Wednesday, November 30, 2011

The English Embassy Gaffe

President Obama has made another largely unreported gaffe that, for novelty's sake, the Heritage Foundation would like to highlight.
In a press conference this evening, the president referred in stumbling fashion to the “English Embassy” in Iran instead of the British Embassy. One can only imagine the kind of howls of derision that would greet any presidential contender if that kind of basic error were made before, say, the editorial board of the Milwaukee Journal Sentinel. You can watch the video above. 
In case the president is unaware, England forms part of Great Britain, which also includes Scotland and Wales, though not Northern Ireland, which is part of the United Kingdom.
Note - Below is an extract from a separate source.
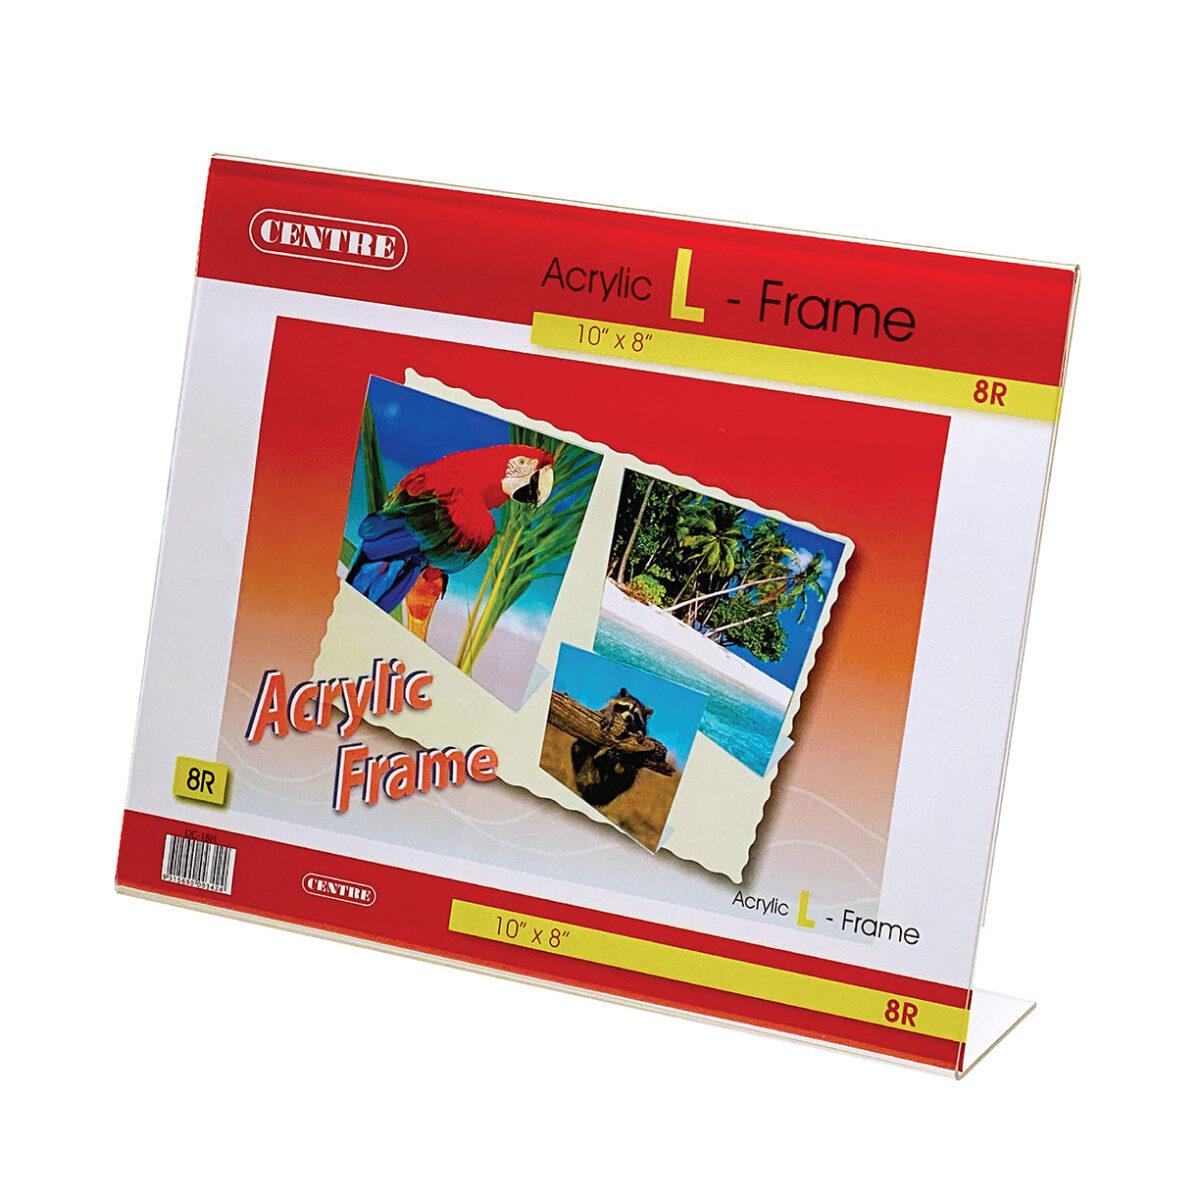 Centre Acrylic Picture Frame - L Stand Landscape 8R

There is no such thing as an “English” embassy anywhere in the world, and there hasn’t been one for several centuries.
Noman only mentions it because of the beating that Republican presidential candidates have taken for momentary mental lapses, e.g., Rick Perry's oops moment, Herman Cain on President Obama's Libya incursion.  Since the mainstream media views its mission as covering up for Democrats' mistakes (and misdeeds) while attacking Republicans' every slip up, it's good for alternative media to note the inconceivable: the President himself flubs on occasion.

Perhaps we shouldn’t be surprised by this latest slip-up by President Obama. After all he recently described France as America’s closest ally, and famously declared that he has traveled to no less than 57 states. But it would be nice if the leader of the free world bothered to look at a map once in a while, or even paid a visit to the British Embassy in Washington, currently housing the Churchill bust that Mr. Obama unceremoniously threw out of the Oval Office soon after his inauguration.
The larger question is whether this most recent gaffe signifies a broader disregard for Great Britain along with other traditional US allies.
From siding with Argentina on its call for UN-brokered negotiations over the sovereignty of the Falklands, to placing “a boot on the throat” of BP, Britain’s largest company, the Obama administration has downgraded relations with America’s closest friend and partner on the world stage. The Special Relationship still matters greatly on several key fronts for the United States, from the NATO-led operation in Afghanistan to the global war against Islamist terrorism. US-British military and intelligence cooperation remains vital to the defense of the free world, and cooperation between London and Washington will be imperative in standing up to an increasingly aggressive Iran. The White House will no doubt dismiss this latest faux pas by the president as a slip of the tongue, but it cannot disguise the fact that it has on many occasions treated Britain and other key allies with an air of disdain, and even contempt.
Big media's Liberal bias disturbs Noman and strikes him as politically dangerous given that democracy depends upon an informed--not deformed--electorate.  Nevertheless, the Heritage Foundation's last point is the salient one.  President Obama's predilections run towards the Continent and away from Britain, towards Islam and away from Israel.  Right or wrong, his picture of the world is markedly different than most Americans'.